■ PROMPT: Pictures within the data are to be left out; everything else must be reproduced exactly.

■ INFORMATION SHOWN:
============

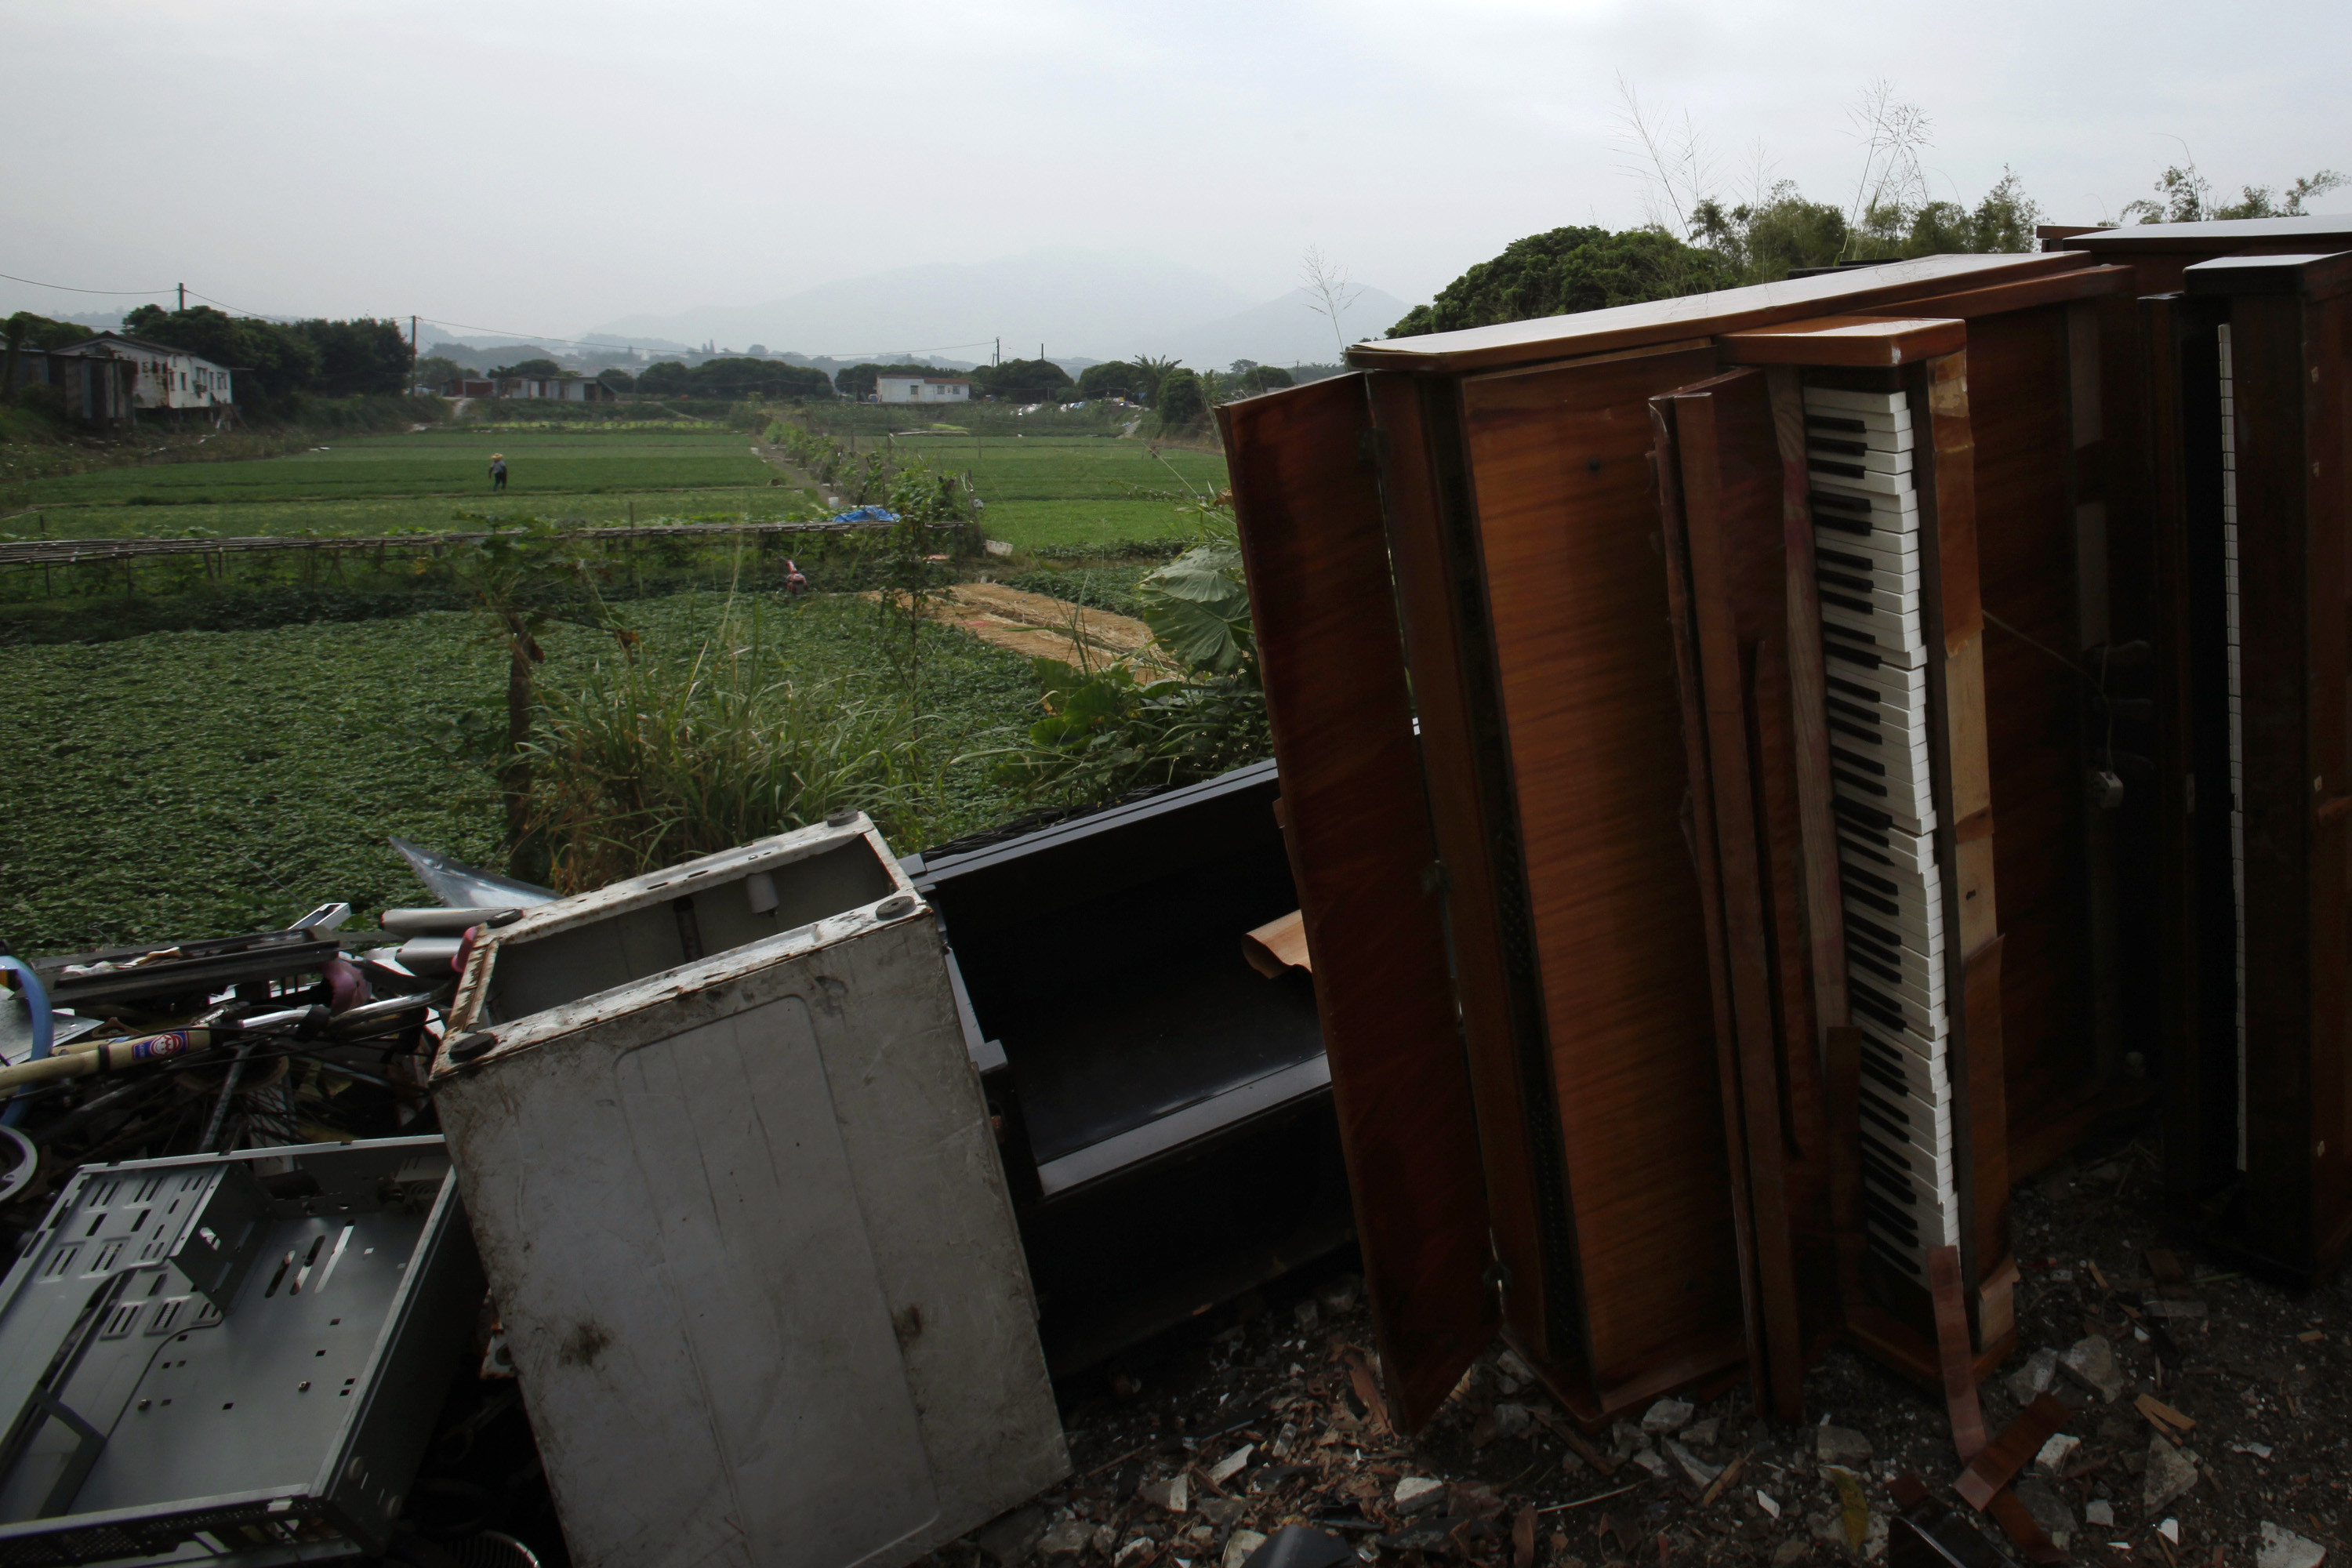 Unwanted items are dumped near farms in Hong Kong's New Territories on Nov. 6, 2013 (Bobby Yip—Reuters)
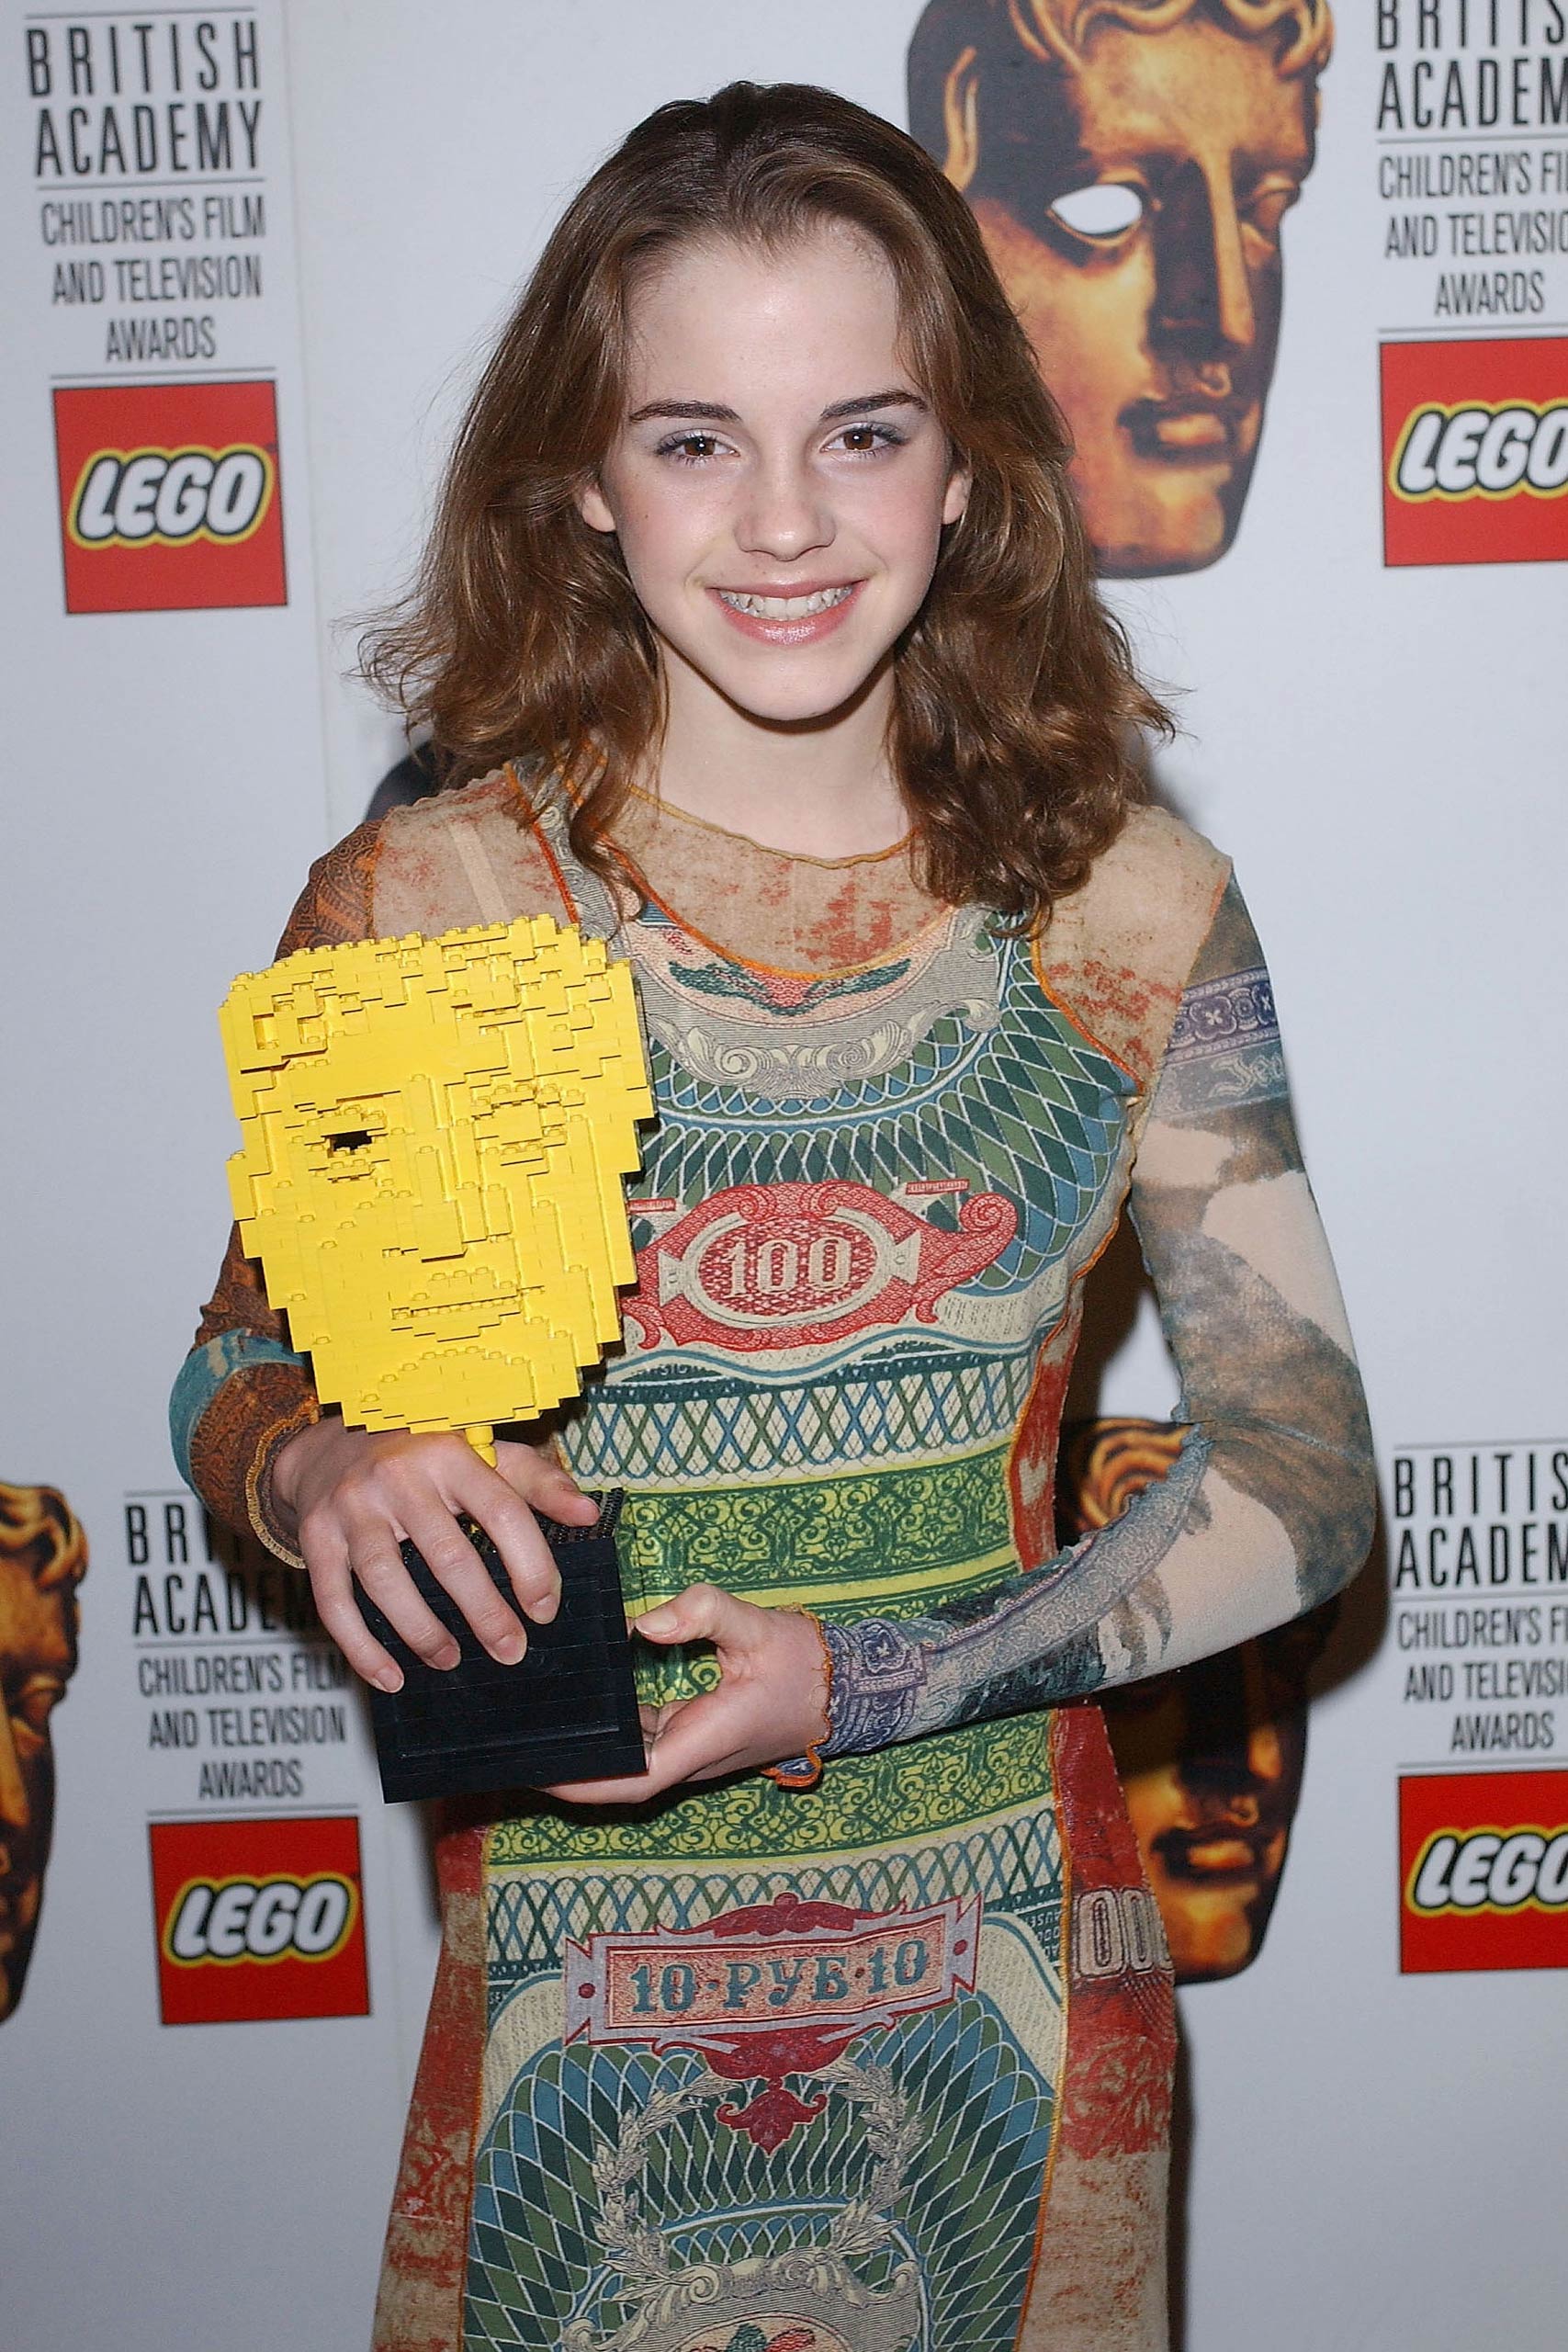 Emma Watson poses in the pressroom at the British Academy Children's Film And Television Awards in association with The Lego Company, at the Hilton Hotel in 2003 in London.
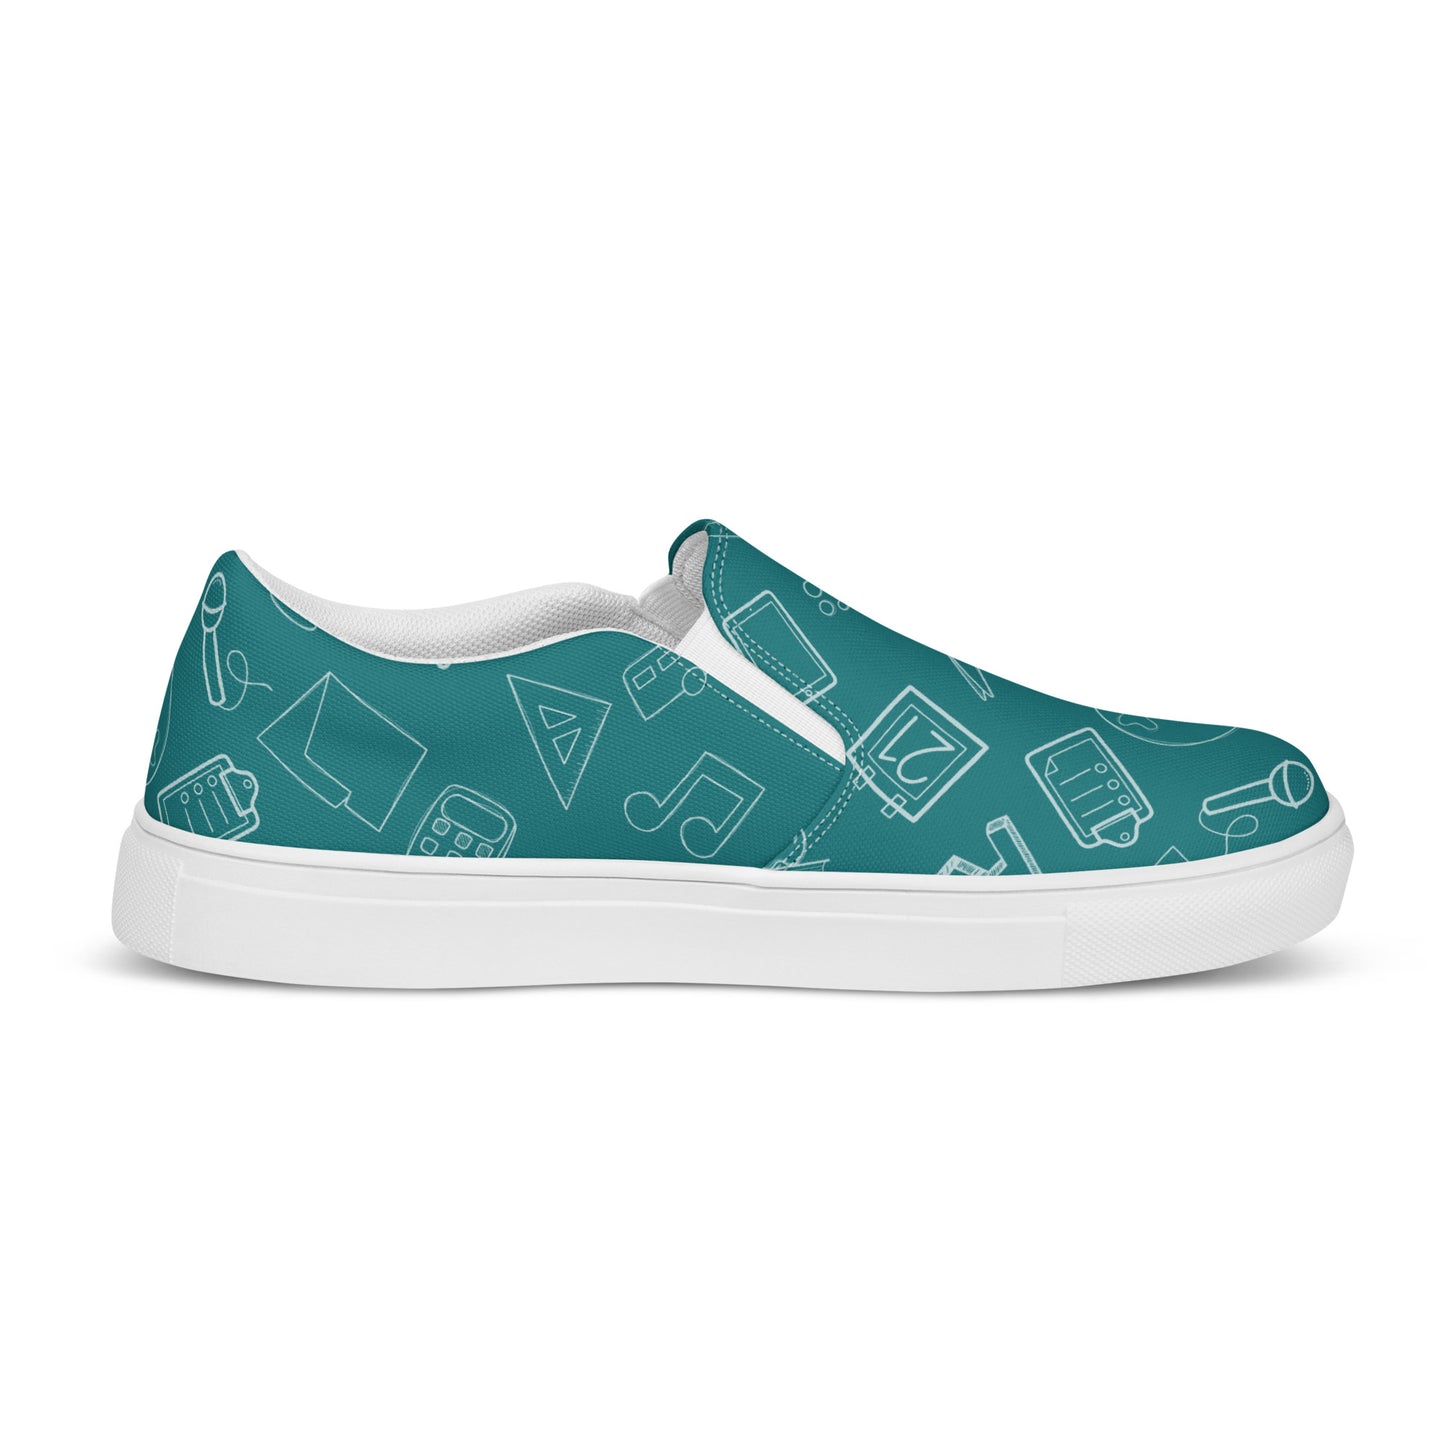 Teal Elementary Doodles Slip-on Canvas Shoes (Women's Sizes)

============

■ EXPECTED ANSWER:
 Unwanted items are dumped near farms in Hong Kong's New Territories on Nov. 6, 2013 (Bobby Yip—Reuters)
 Emma Watson poses in the pressroom at the British Academy Children's Film And Television Awards in association with The Lego Company, at the Hilton Hotel in 2003 in London.
 Teal Elementary Doodles Slip-on Canvas Shoes (Women's Sizes)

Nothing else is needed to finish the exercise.